Ge Zhihao, a lawyer at Beijing Guantao Zhongmao (Shanghai) Law Firm, believes that the essence of food and beverage consumption is the purchase of catering services by consumers from merchants, and the establishment of this relationship does not require consumers to provide personal information as a necessary premise. Therefore, the restaurant requires consumers to place orders or pay bills through APP or WeChat Mini Programs, and then collect consumers' personal information, which clearly exceeds the necessary limits, in addition to the voluntary behavior of customers, generally speaking, such behavior should be classified as "excessive collection" prohibited in the Personal Information Protection Law.

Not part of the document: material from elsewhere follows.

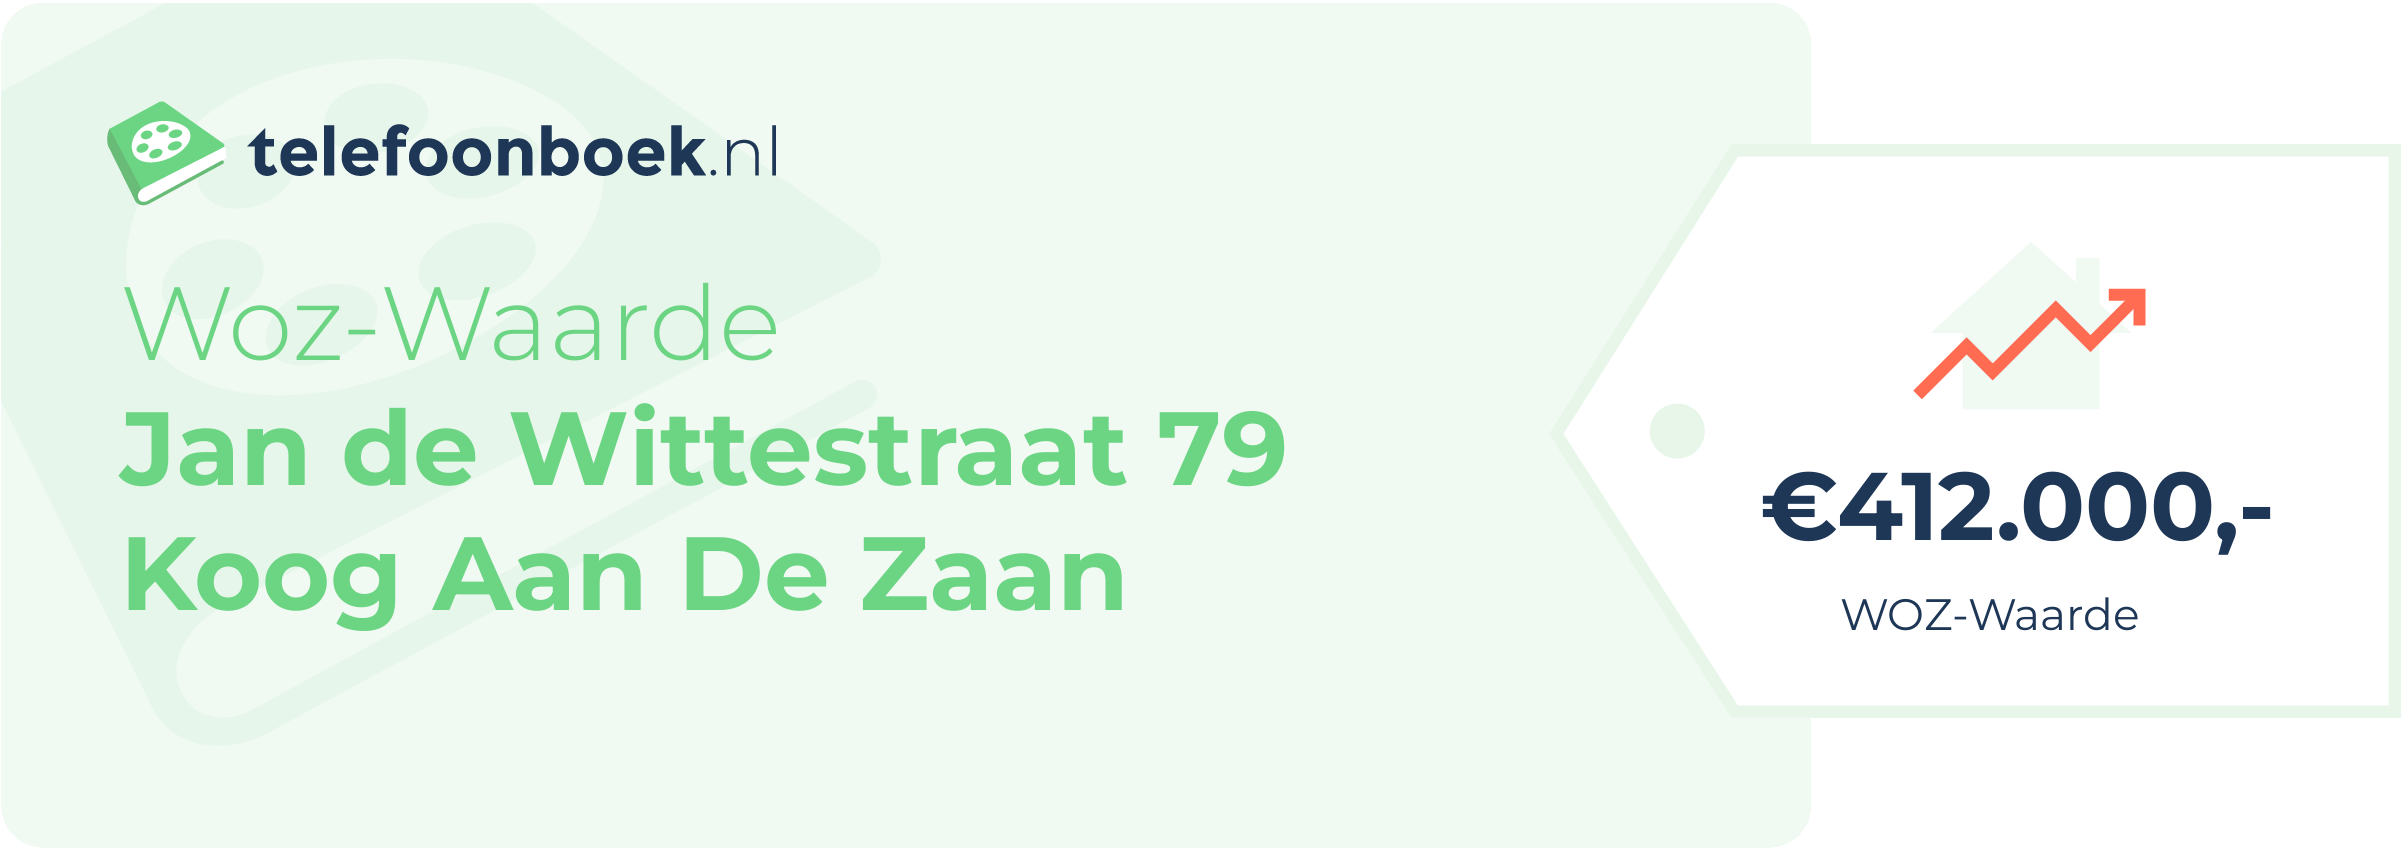 WOZ-waarde Jan De Wittestraat 79 Koog Aan De Zaan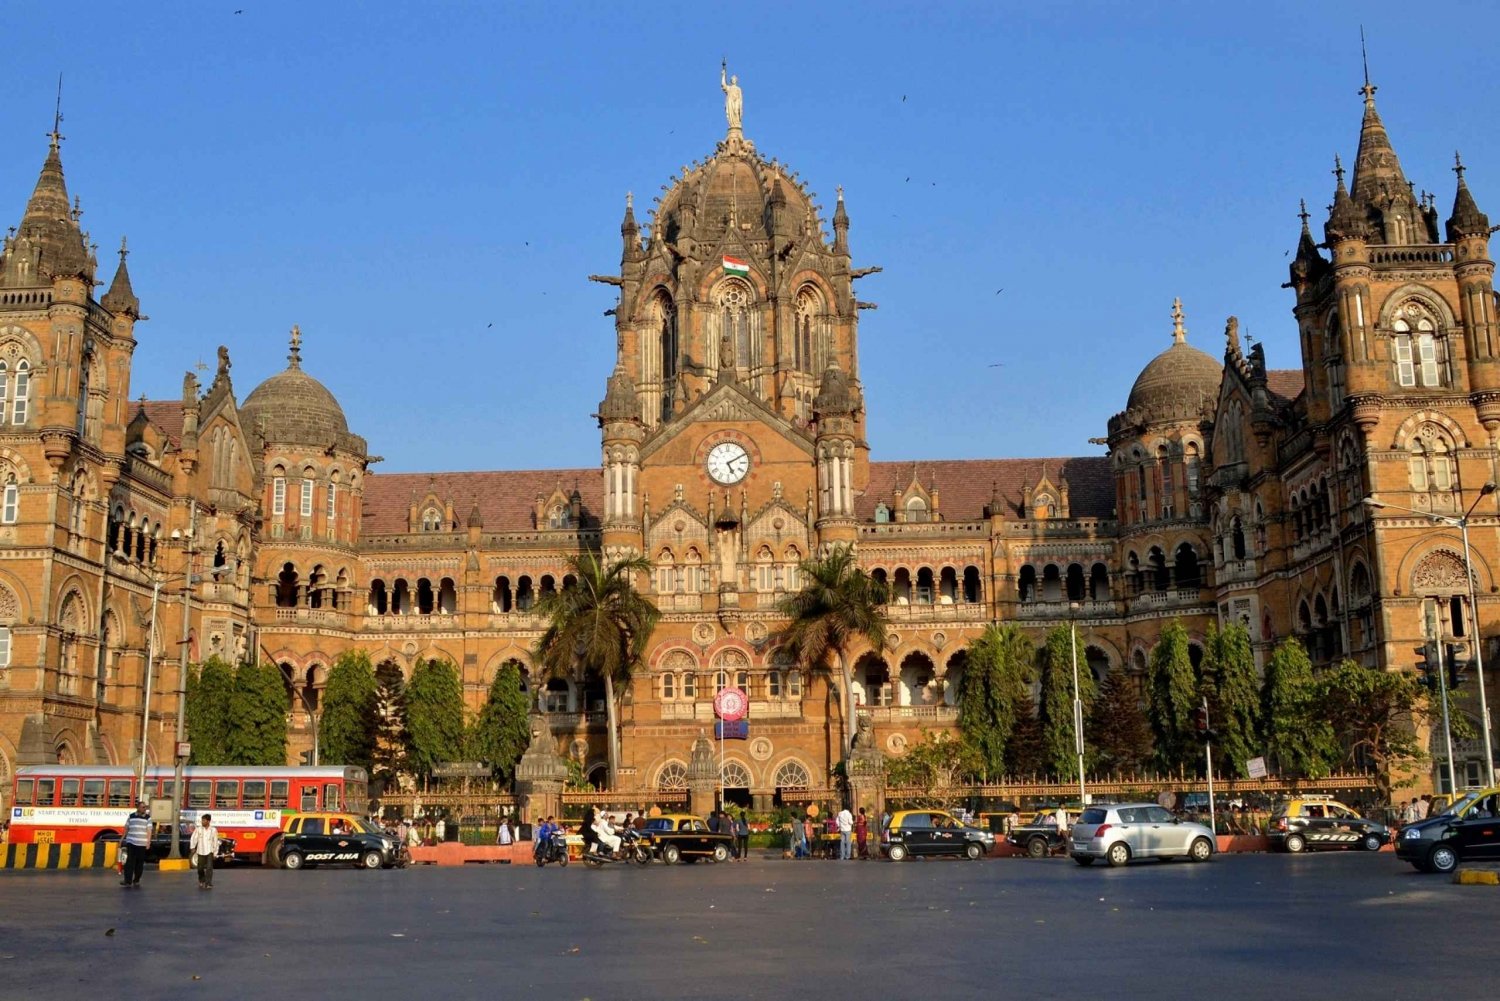 Private Stadtrundfahrt durch Mumbai mit Abholung und Rückgabe

At the same time, according to the relevant provisions of the Personal Information Protection Law, if a merchant collects consumers' personal information, it must also follow a series of rules, including clearly informing consumers of the purpose of the collection behavior, the rules of information processing, and the method of information processing; if the consumer does not agree with the collection behavior, the merchant should also cooperate with the withdrawal of the collection behavior, and if it has been collected and used, it should be promptly and effectively removed according to the requirements of the consumer, and so on. However, at present, most merchants have not provided or informed such services.
As for the "automated decision-making" behavior of merchants collecting personal information for "smart push", the Personal Information Protection Law also makes provisions, giving consumers the right to freely choose or refuse to be "smart push".